The unit commitment (UC) problem is solved several times daily in a limited amount of time and is commonly formulated using mixed-integer linear programs (MILP). However, solution time for MILP formulation increases exponentially with the number of binary variables required. To address this, machine learning (ML) models have been attempted with limited success as they cannot be trained for all scenarios, whereby they may contain false predictions leading to infeasibility, hindering their practical applicability. To overcome these issues, we first propose a hybrid deep learning model comprising a convolutional neural network (CNN) and bidirectional longshort-term memory (BiLSTM) to predict the UC decisions. Second, we incorporate these predictions as nonbinding fuzzy constraints, enhancing the traditional UC model and creating an ML-fuzzy UC model.
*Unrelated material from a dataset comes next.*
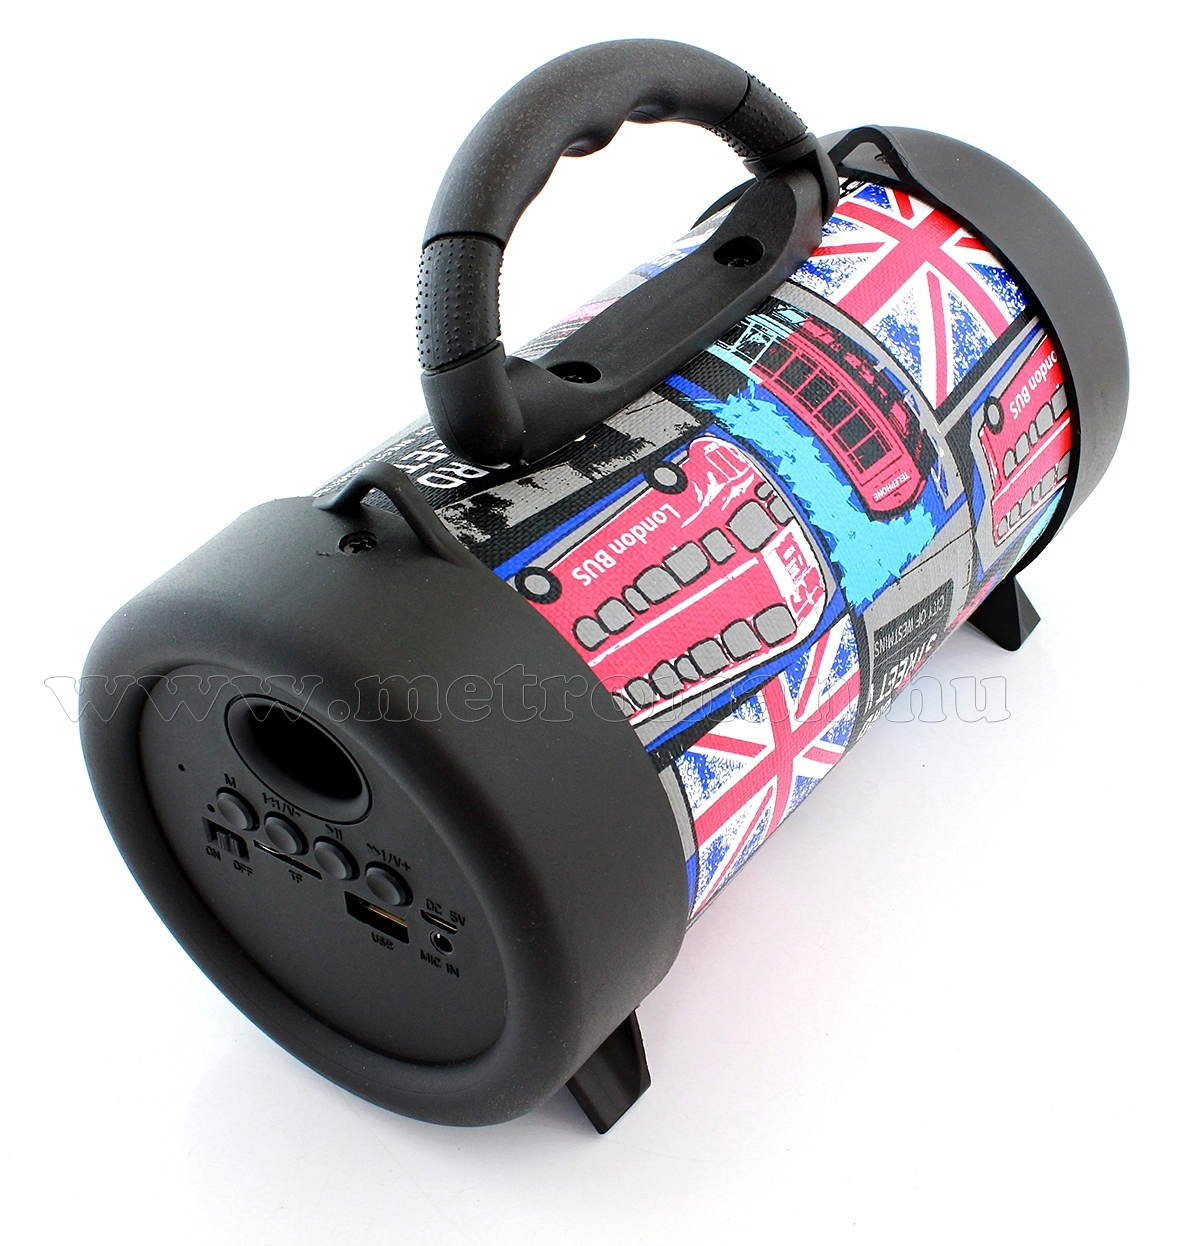 USB/SD MP3 Bluetooth hangszóró és zenelejátszó mikrofonnal M58

Two implementations of non-binding fuzzy constraints are studied. The first develops each ML decision variable as a separate fuzzy set, while the second creates one fuzzy set per hour, considering all decisions within. Introducing ML-UC decisions as non-binding fuzzy constraints ensures the ML-fuzzy UC model has a feasible solution if the basic MILP-UC problem does, while leveraging ML predictions. Moreover, the proposed model benefits from a reduced solution space, leading to substantial reductions in computing time. Results on IEEE 118-bus and Polish 2383-bus systems demonstrate 92 % and 89 % computation time reductions for both systems, respectively and achieve 100 % feasibility for both seen and unseen datasets when the basic MILP-UC problem has a feasible solution. 

Funding

This work was supported in part by Mitacs Fund; in part by the Natural Sciences and Engineering Research Council of Canada (NSERC) Fund; and in part by the Centre for Urban Energy, Toronto Metropolitan University, Toronto, Canada.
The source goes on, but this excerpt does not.